The reply should consist solely of the lines from the one that holds "SAKO, Siljan kirkebøker, G/Ga/L0001: Klokkerbok" through the last line of the material, reproduced exactly; no pictures belong in it.

Supplied material:
↓↓↓

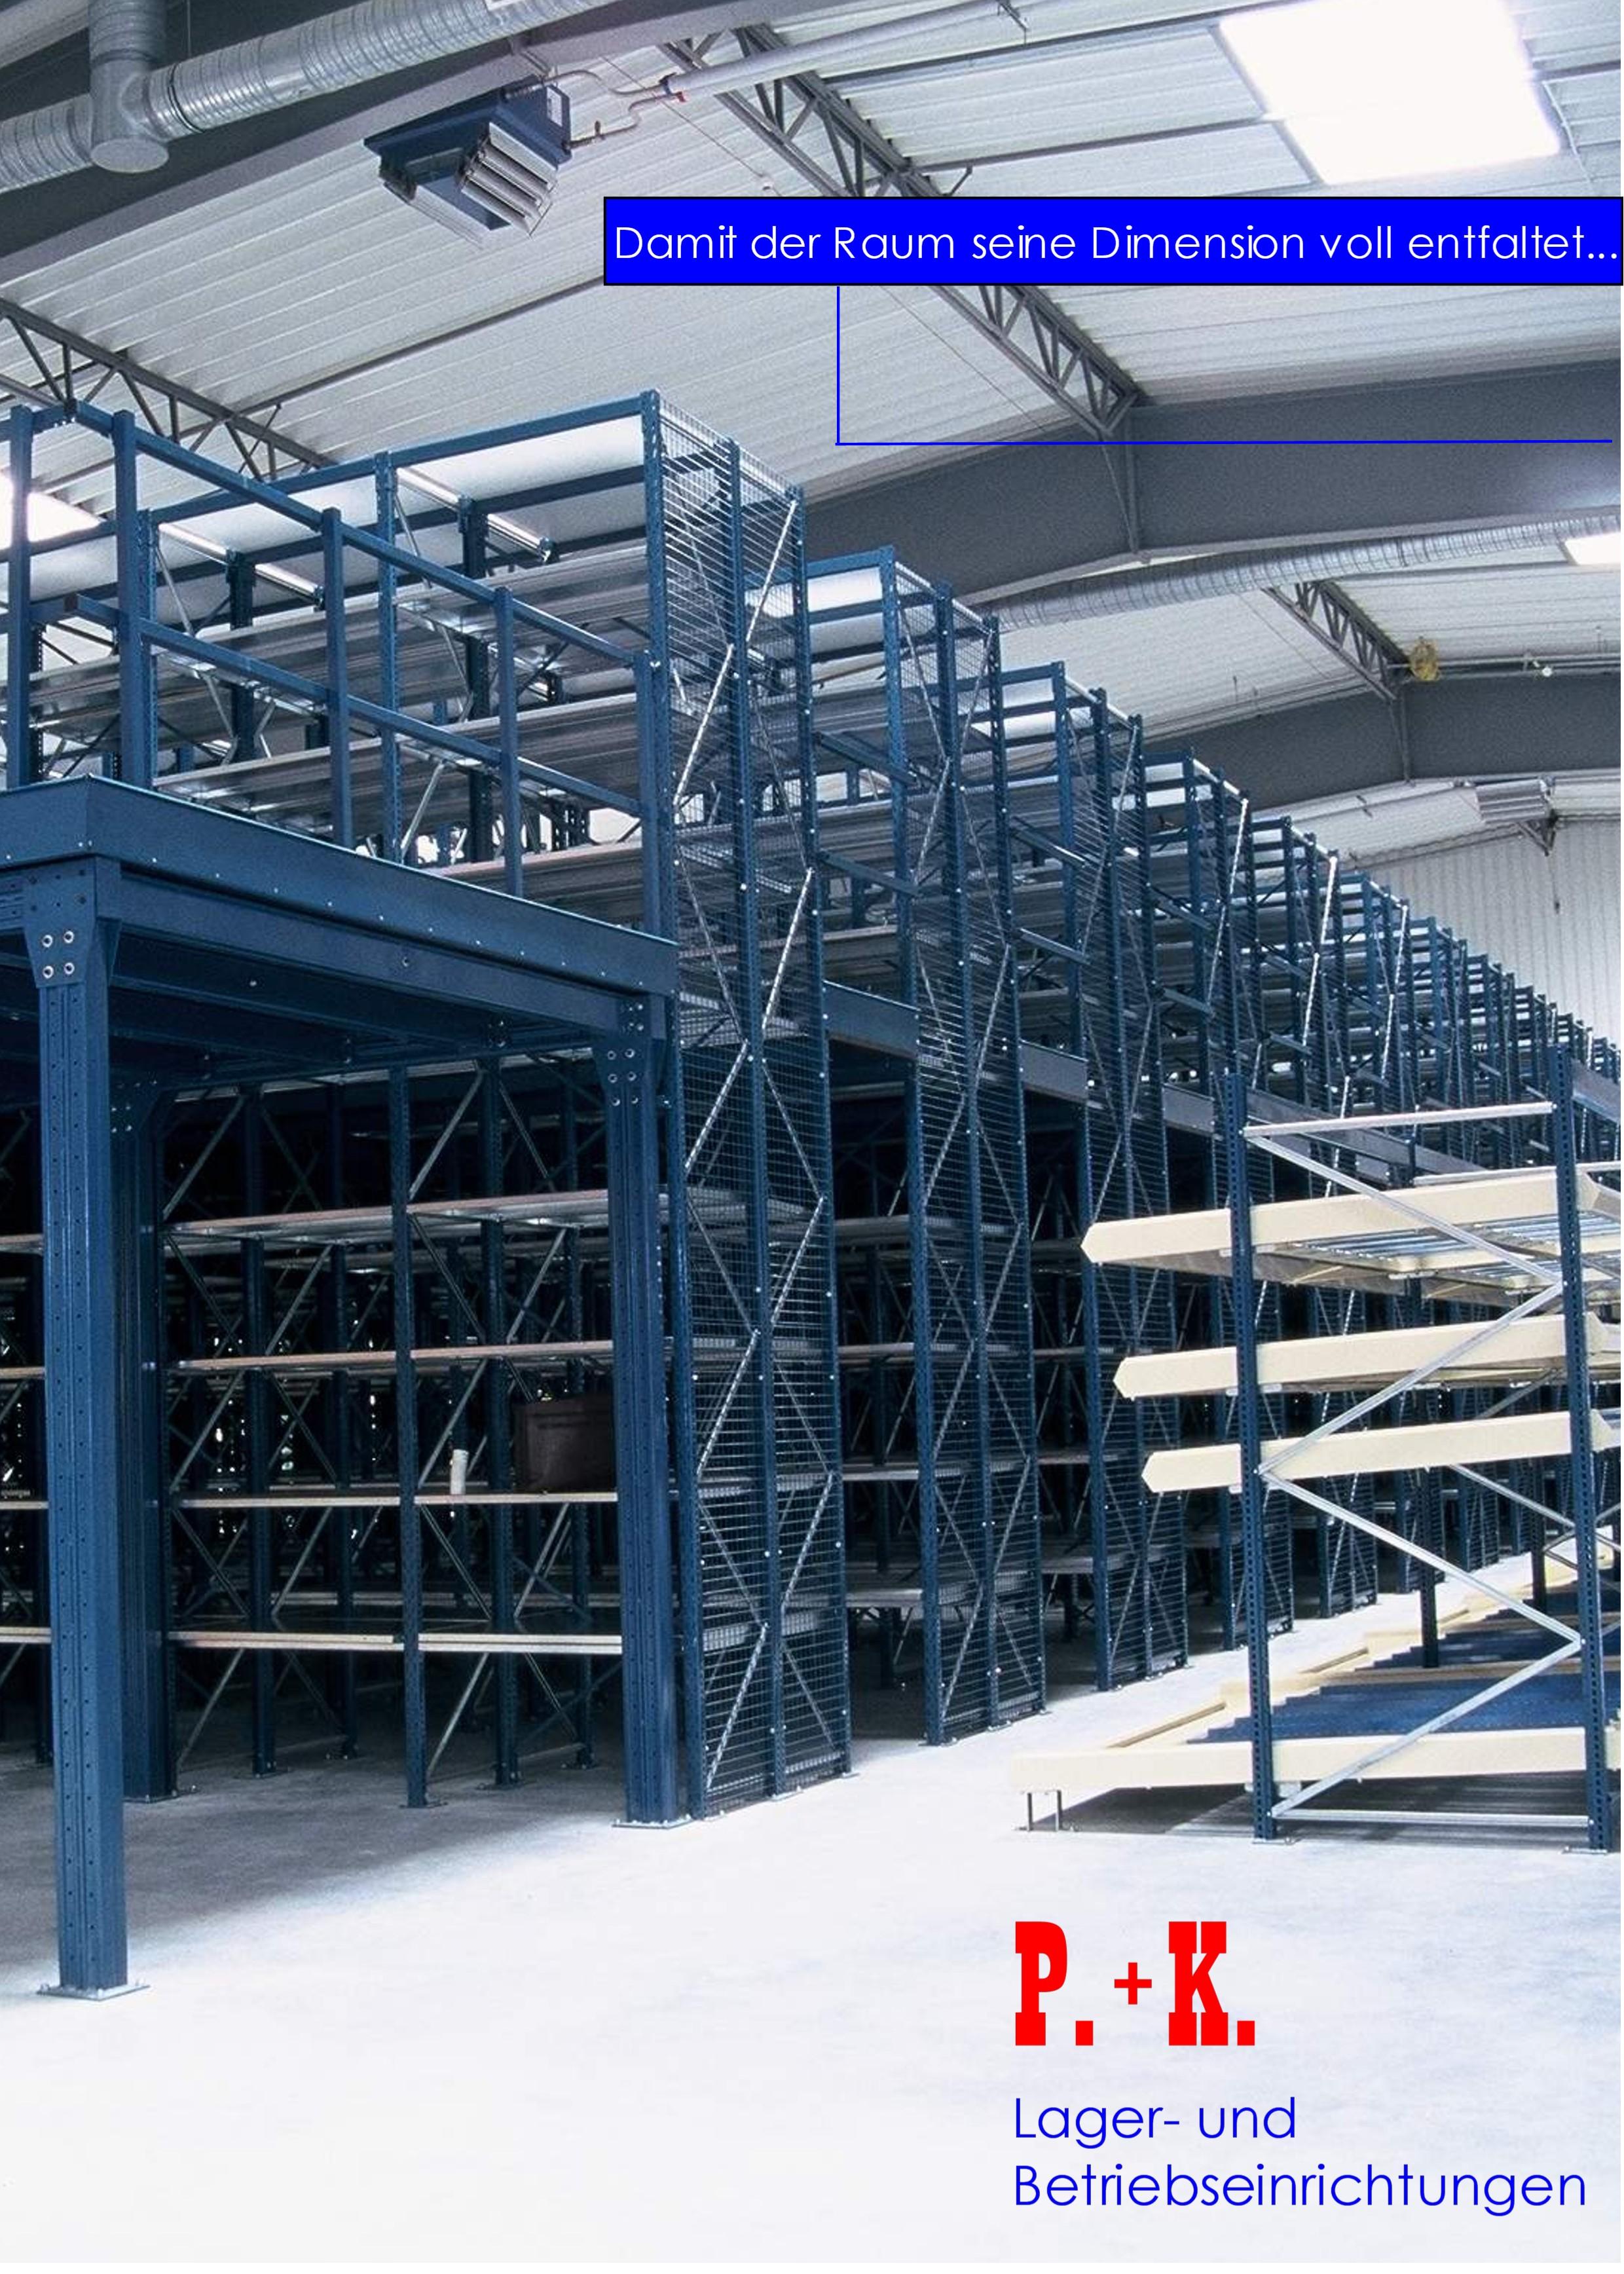 P. + K. Lager- und Betriebseinrichtungen GmbH & Co. KG
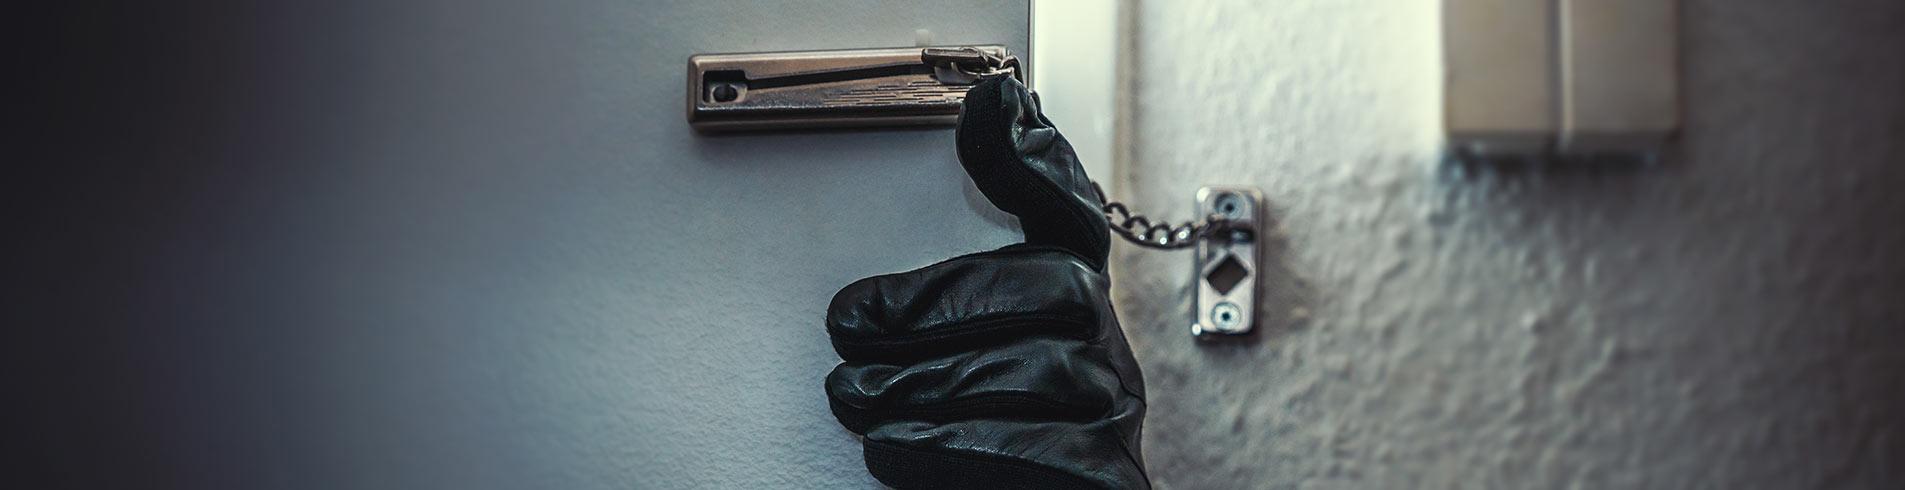 Crime Prevention Tips
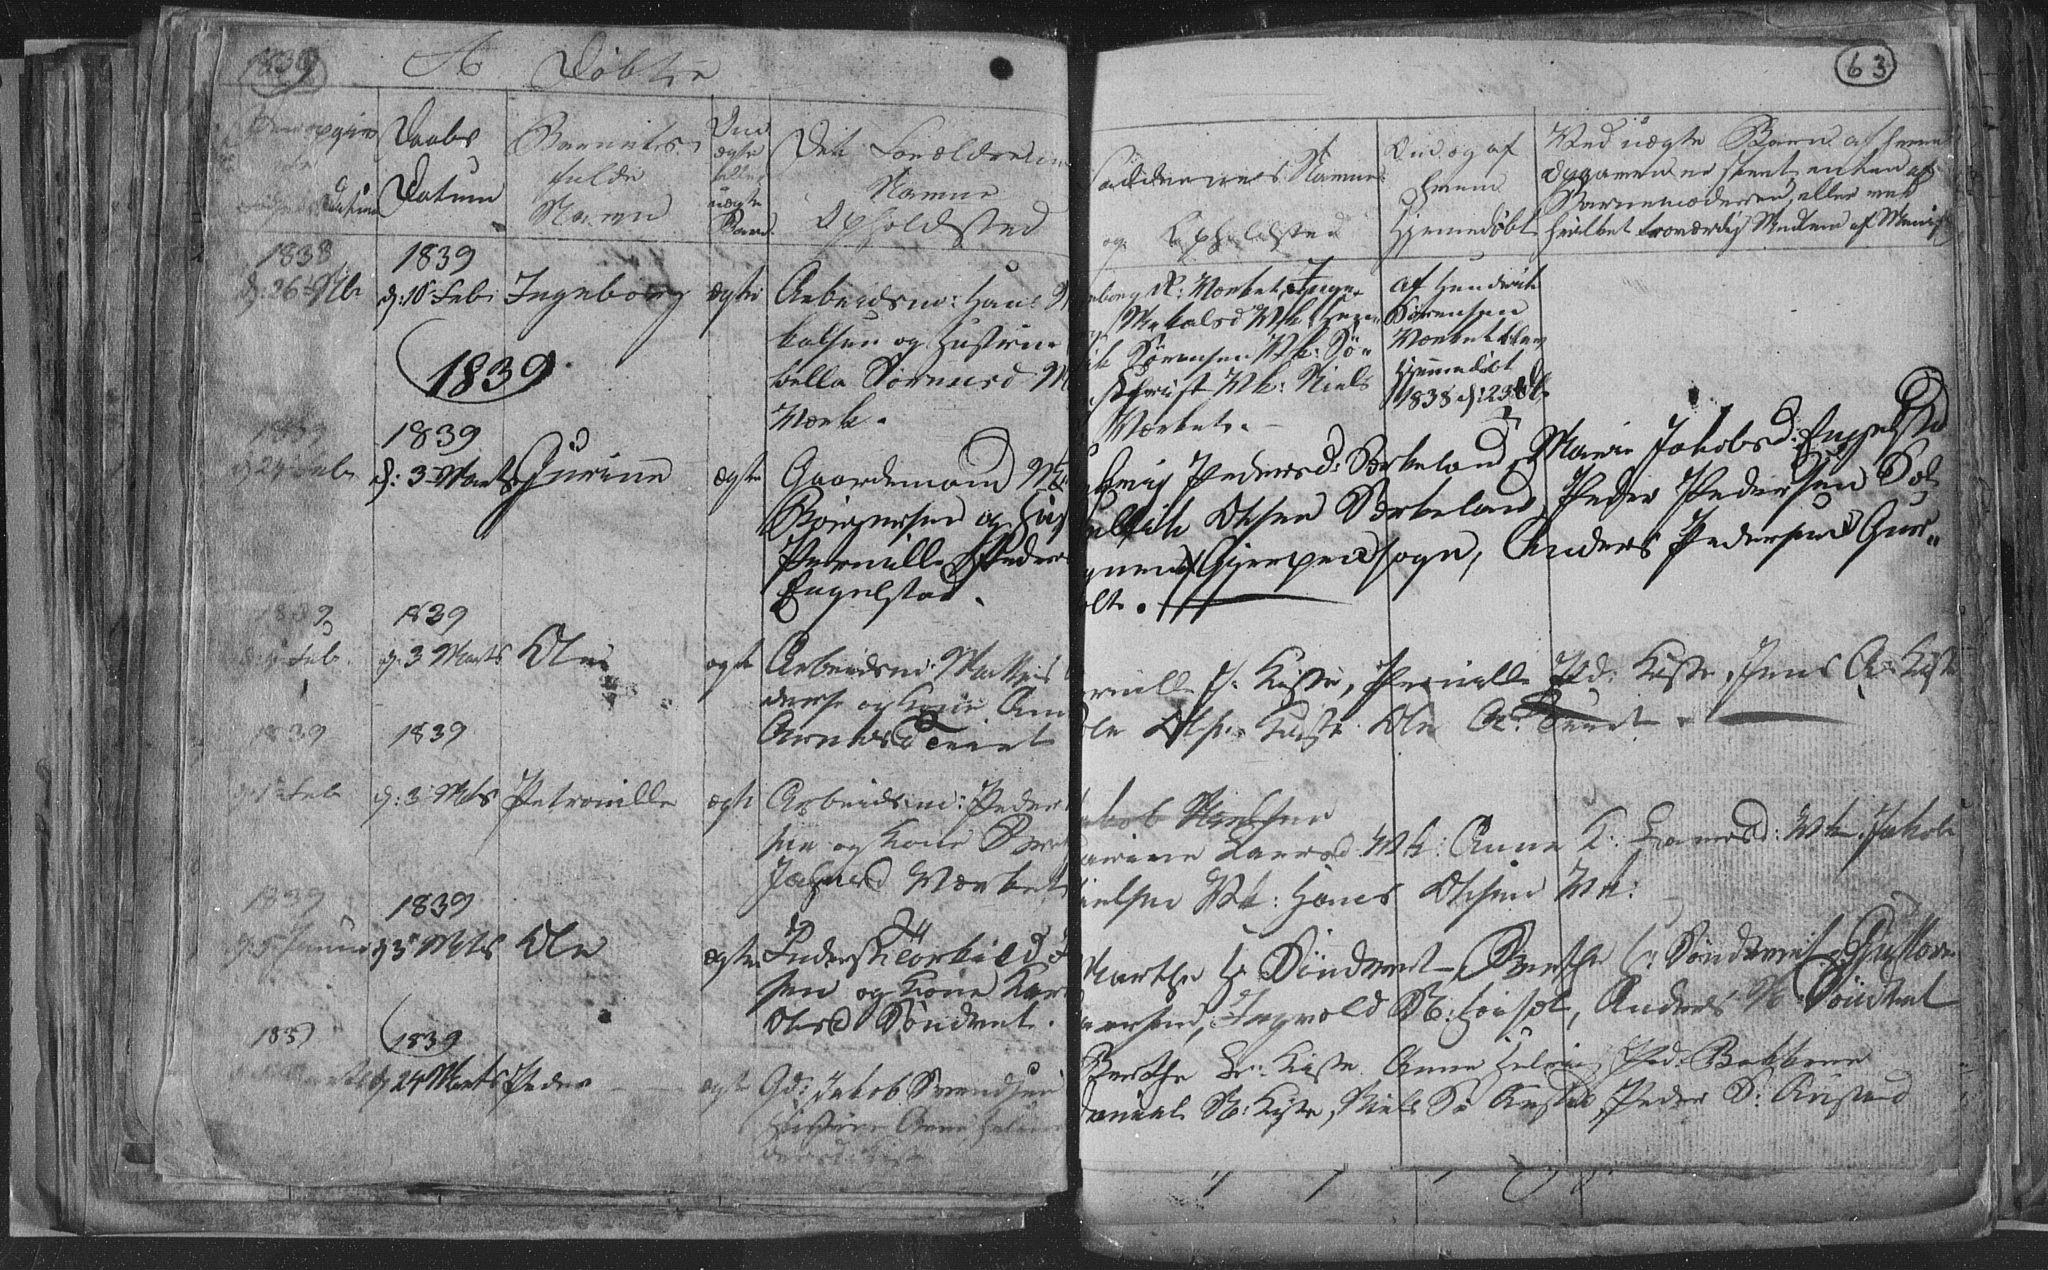 SAKO, Siljan kirkebøker, G/Ga/L0001: Klokkerbok nr. 1, 1827-1847, s. 63
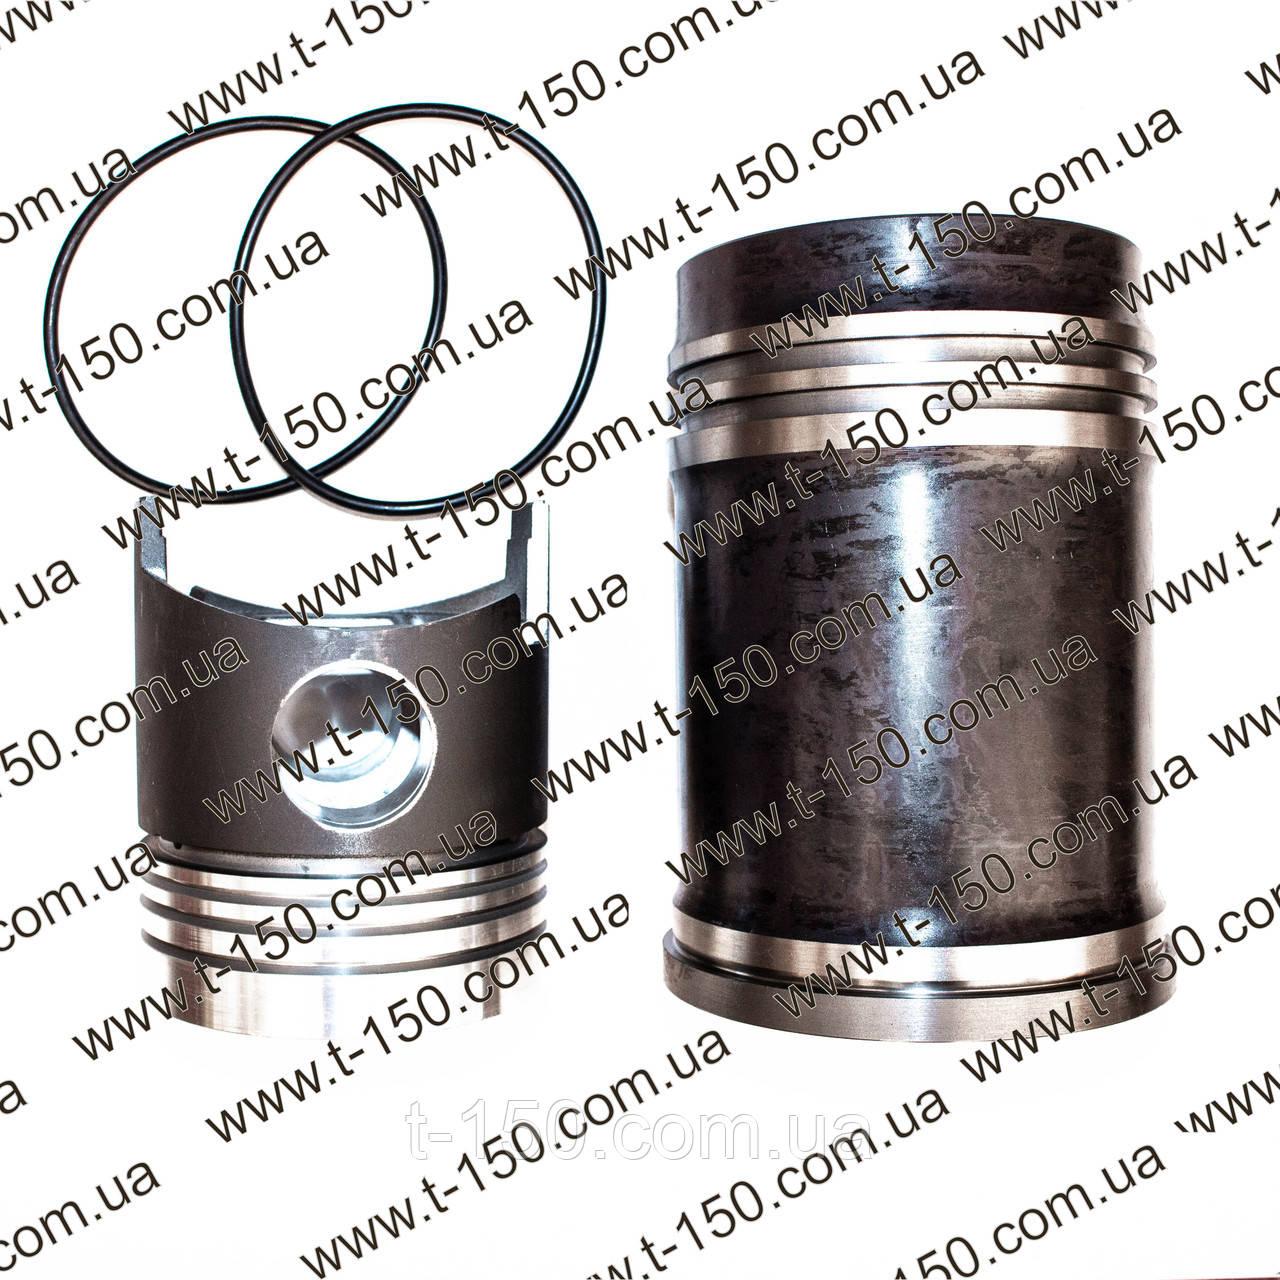 Гильзо-комплект СМД 60 (ГП+уплотнительные кольца) п/к (производство МД Конотоп)

↑↑↑

Answer section:
 SAKO, Siljan kirkebøker, G/Ga/L0001: Klokkerbok nr. 1, 1827-1847, s. 63
 Гильзо-комплект СМД 60 (ГП+уплотнительные кольца) п/к (производство МД Конотоп)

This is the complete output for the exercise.